As the left-behind possessions of homeless people were loaded into the back of a dump truck at a Middlebury encampment on Thursday, an advocate for the unhoused community decried the “cruel” decision by the City of Akron to sweep through the area.
“This stuff gets to me, it eats at me,” Sage Lewis said as he sat cross-legged at the unzipped entrance of a cheap green tent. Akron police officers and city employees stood nearby, watching a “junk removal” company clear the lot.
“This has got to be the lowest denominator of a solution I can possibly imagine. I can’t imagine anything less effective. Literally anything is better than just throwing their stuff away.”
Earlier, the city posted a big yellow sign on the lot, declaring that the “personal property” at the encampment “constitutes a nuisance” and that everything would be picked up and thrown out on Oct. 31.
According to Mayor Shammas Malik’s spokesperson, the encampment violated a city ordinance on littering and the city deemed the site to be “dangerous to the public health, safety or welfare.” That designation allowed for the city’s Department of Neighborhood Assistance to clear the site.
Lewis vowed to stay put at the encampment until he’s either arrested or the mayor’s office talks with him about a plan for the winter.
Friday afternoon, Eufrancia Lash, the deputy director of public service for the city, emailed Lewis and invited him to set up a meeting with him and the mayor “within the next few weeks” to discuss “the issues surrounding our houseless citizens as we move through the Fall and Winter seasons.”

Middlebury site subject of legal action
The sweep is the latest in the city’s multi-year crackdown on encampments Lewis facilitates on or near his properties. In 2022, the City of Akron took Lewis and the vacant lot’s owner, Larue Corn, to court for violating city ordinances connected to the encampment.
The lot’s owner has been dead for years, Lewis said, a fact that city lawyers and police officers don’t appear to know or acknowledge. In the lawsuit, the city filed a motion for default judgment, which means the court would decide in the city’s favor if it agreed, based on Corn not responding.
Akron police officers told Lewis and the others on the property Thursday that Corn might ask them to leave and they’d be trespassing if they didn’t: “If Larue Corn shows up and says, ‘Sage, get the hell out of my property,’ I am leaving, but I don’t think that’s going to happen.”
When Signal Akron arrived at the lot around 11 a.m. Thursday, one of the last remaining residents of the encampment was wheeling away his belongings on a small two-wheeled cart, donning a hand-written cardboard sign reading, “OLD HOMELESS HANDYMAN. GOT WORK? PLEASE HELP.”
Akron has only one homeless shelter for single men, Haven of Rest. It has “Christ-centered” guidelines, including a condition that people attend church services before each meal.
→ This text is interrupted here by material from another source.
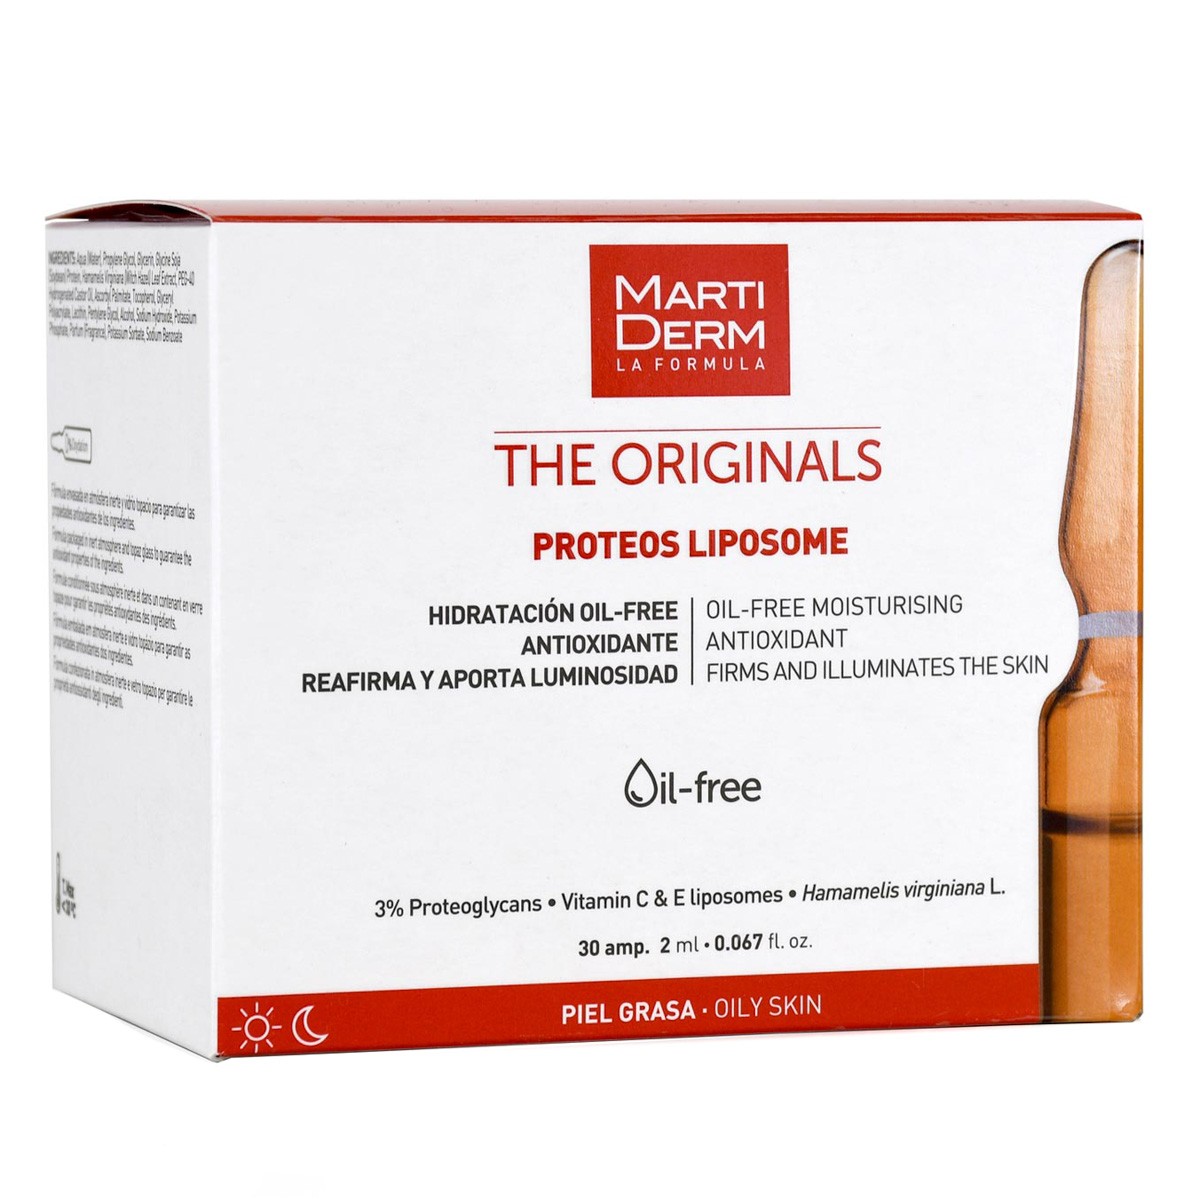 MartiDerm The Originals Proteos Liposome 30 ampollas
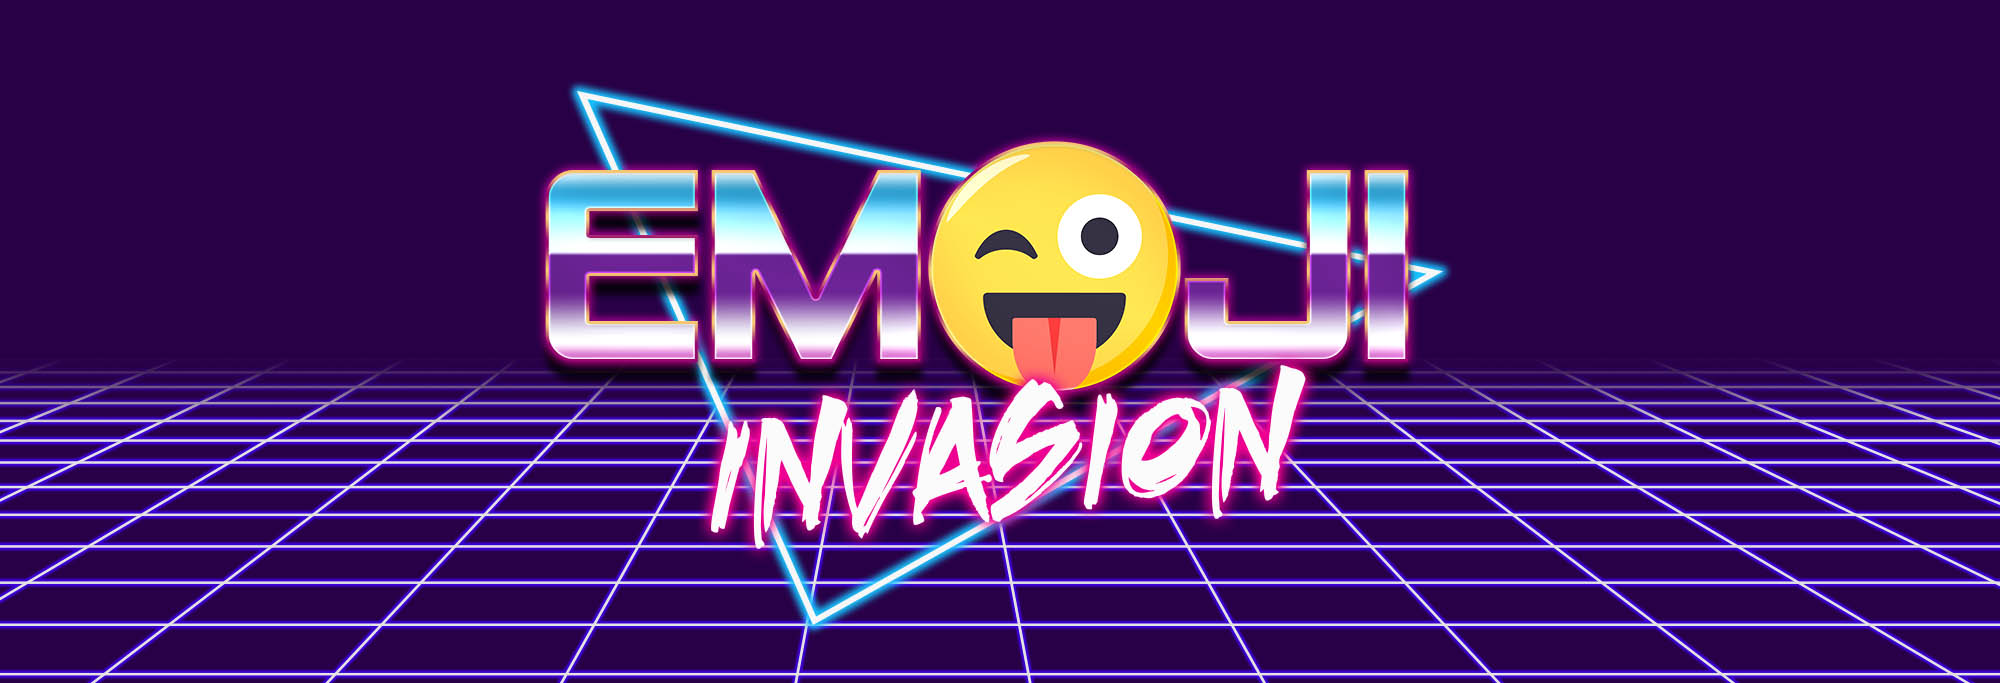 Emoji Invasion

Some men at the encampment had been permanently banned from the Haven of Rest, Lewis said.

‘Literally nothing has changed’
Lewis had hoped the city’s response to homelessness would be different under Mayor Shammas Malik — because he’s younger and has a law degree from “liberal bastion” Harvard University, Lewis said — compared to the Dan Horrigan administration.
“Literally nothing has changed,” the businessman and former Akron City Council candidate said. “Not anything. Not a statement, not a policy. It’s just been smooth as ice. We’re doing the exact same thing the other guy did. I’m just sick of it. I don’t know what else to do. I don’t know how to get this fixed. So here I am.”
Lewis compared his decade of advocacy for homeless Akronites to Albert Camus’ The Myth of Sisyphus, an essay about the Greek legend of a man condemned for eternity to roll a boulder up a mountain only to have that boulder roll back down every time.
“I read it, man,” he said. ”I’m tired of pushing this rock up a hill.”
After city employees, officers and the waste removal crew left on Thursday afternoon, a married couple arrived back to find everything there gone. The man, bleeding from his nose and weakened from a recent surgery, dropped to his knees, grasped his wife and cried. The couple didn’t know what they were going to do next.
As dark clouds rolled in and the wind blew the leaves and dust, they put an old blanket on the dirt and laid down where their tent once stood. With rain appearing imminent, Lewis covered the couple with the blue tarp that he had affixed to the top of his tent moments earlier.